Original Fleet of the Future bike rack
Original Fleet of the Future bike rack
Revised Fleet of the Future bike rack
Revised Fleet of the Future bike rack

As another example, I can think of multiple times that customer research burst my bubble about the appeal of a brand position or brand tag line. Sometimes a tag line speaks to you and connects with your values and emotions but doesn't speak to the average transit rider. Many times I wanted to focus the transit brand on its environmental benefits, only to have the research tell me that only 15% or so of riders shared my passion for the environment. A majority care about the environment but not enough to change how they travel. You can imagine that this was difficult to hear, but it was important to listen to this feedback so I could be as effective as possible in marketing transit (which ultimately helps the environment). Anyway, as a result of the research, while we used environmental appeals when targeting smaller market niches that were receptive to eco appeals, we did not often use eco appeals for the mass market.


Of course, bursting bubbles is not for everyone. You will find that many of your colleagues will hold on to deeply held ideas even when confronted with conflicting information from customer research. As Paul Simon wrote in the lyrics for The Boxer in 1969: "A man hears what he wants to hear and disregards the rest..."

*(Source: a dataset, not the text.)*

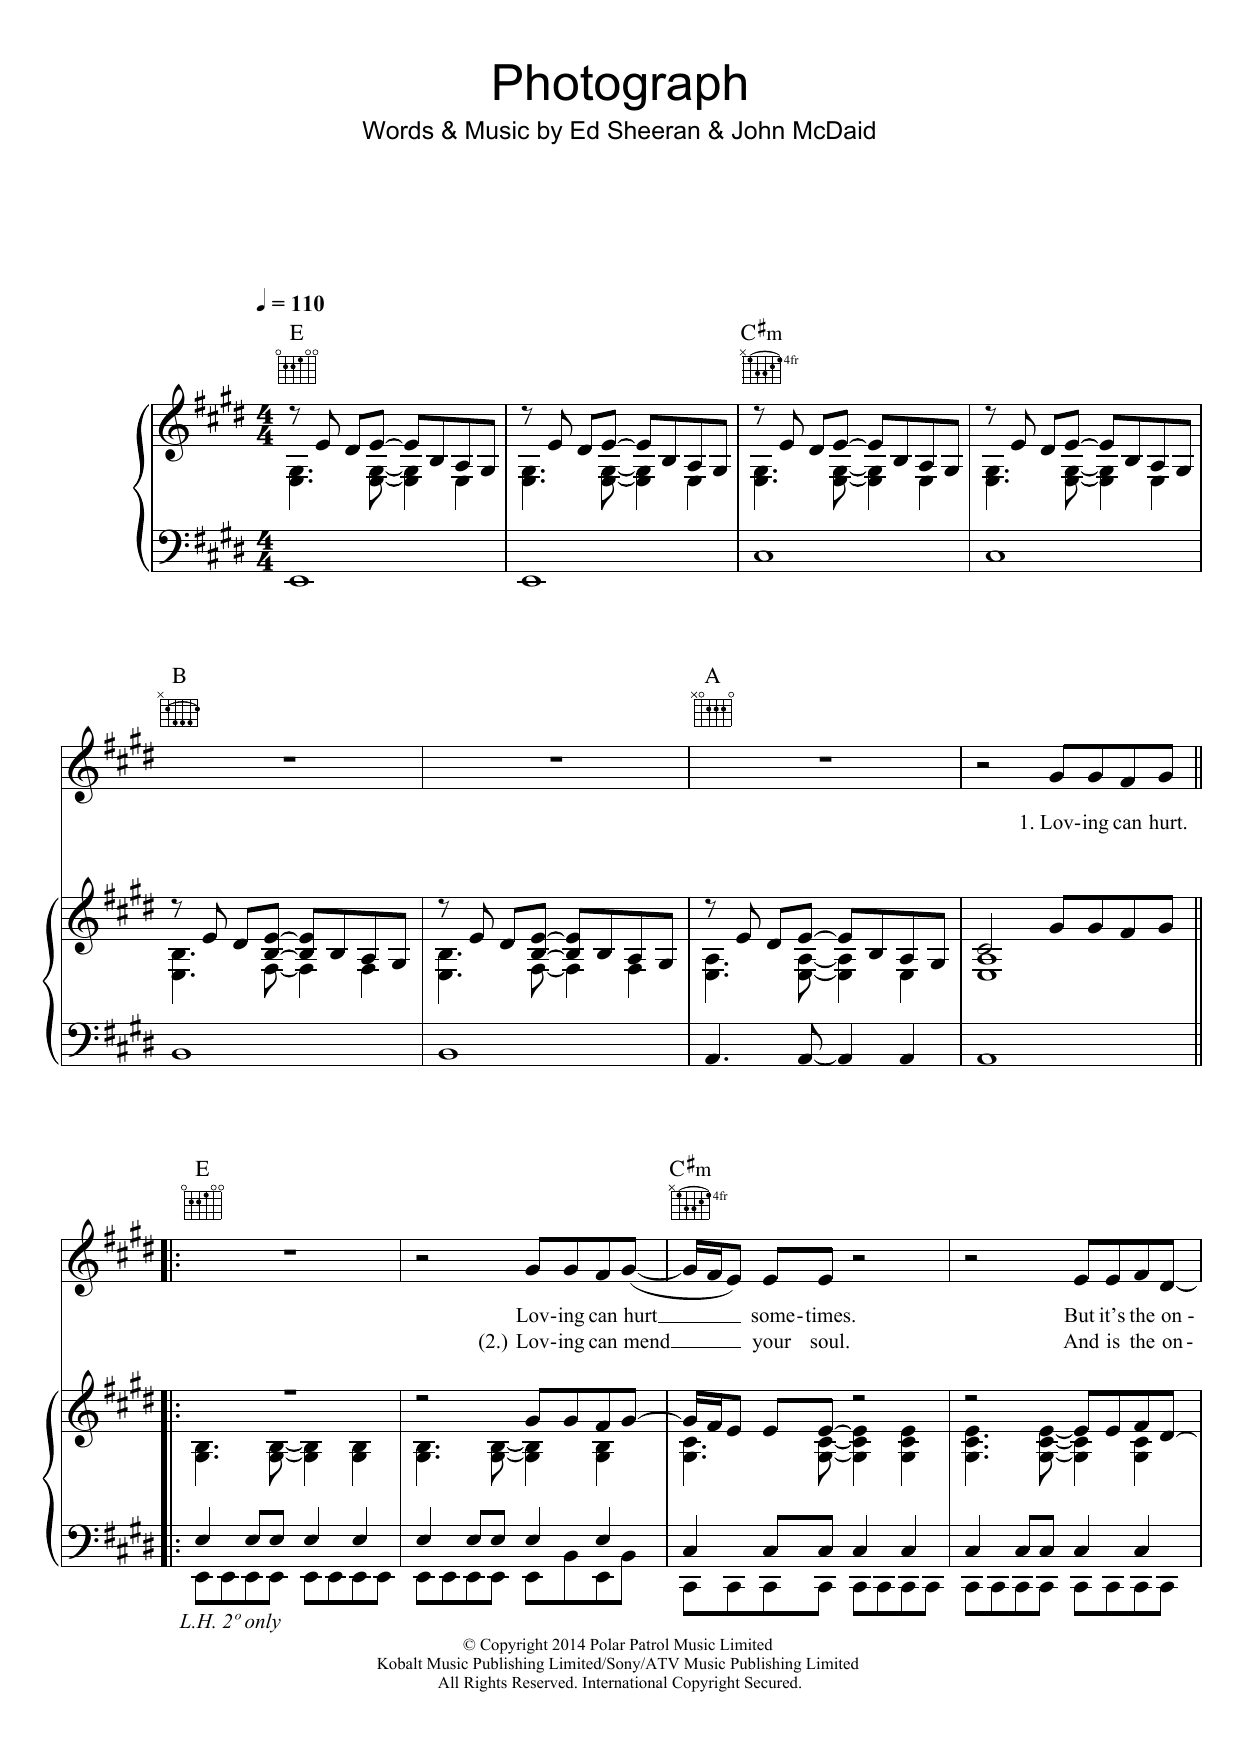 Ed Sheeran Photograph Sheet Music Notes & Chords for Piano, Vocal & Guitar (Right-Hand Melody) - Download or Print PDF

I have seen many instances over the years where people will even incorrectly quote research results that they have bent to comport with their own ideas. They cared enough to quote the research (albeit incorrectly) because they wanted to portray themselves as customer centric, but they were filtering the results to match their pre-existing gut feeling instead of opening themselves up to learn something new. And I would be remiss if I did not acknowledge that there are rare luminaries like Steve Jobs that had an uncanny intuitive understanding of customer wants and needs even before research picked up on the latest trends. So if you feel you are in the same class as Steve Jobs, feel free to disregard this blog post....


But if you're not the next Steve Jobs, mindset matters when it comes to research consumption. Part of developing a CX culture is to improve how we consume research by developing a mindset of really listening without filters. This will maximize learning and CX success. That's not to say that customer research is always right. There are times when the research methodology is faulty. Maybe the sample is not random, inclusive, or representative. Maybe the questions are biased. It's fair to scrutinize the research but we need to be careful about dismissing it outright just because it bursts our bubble.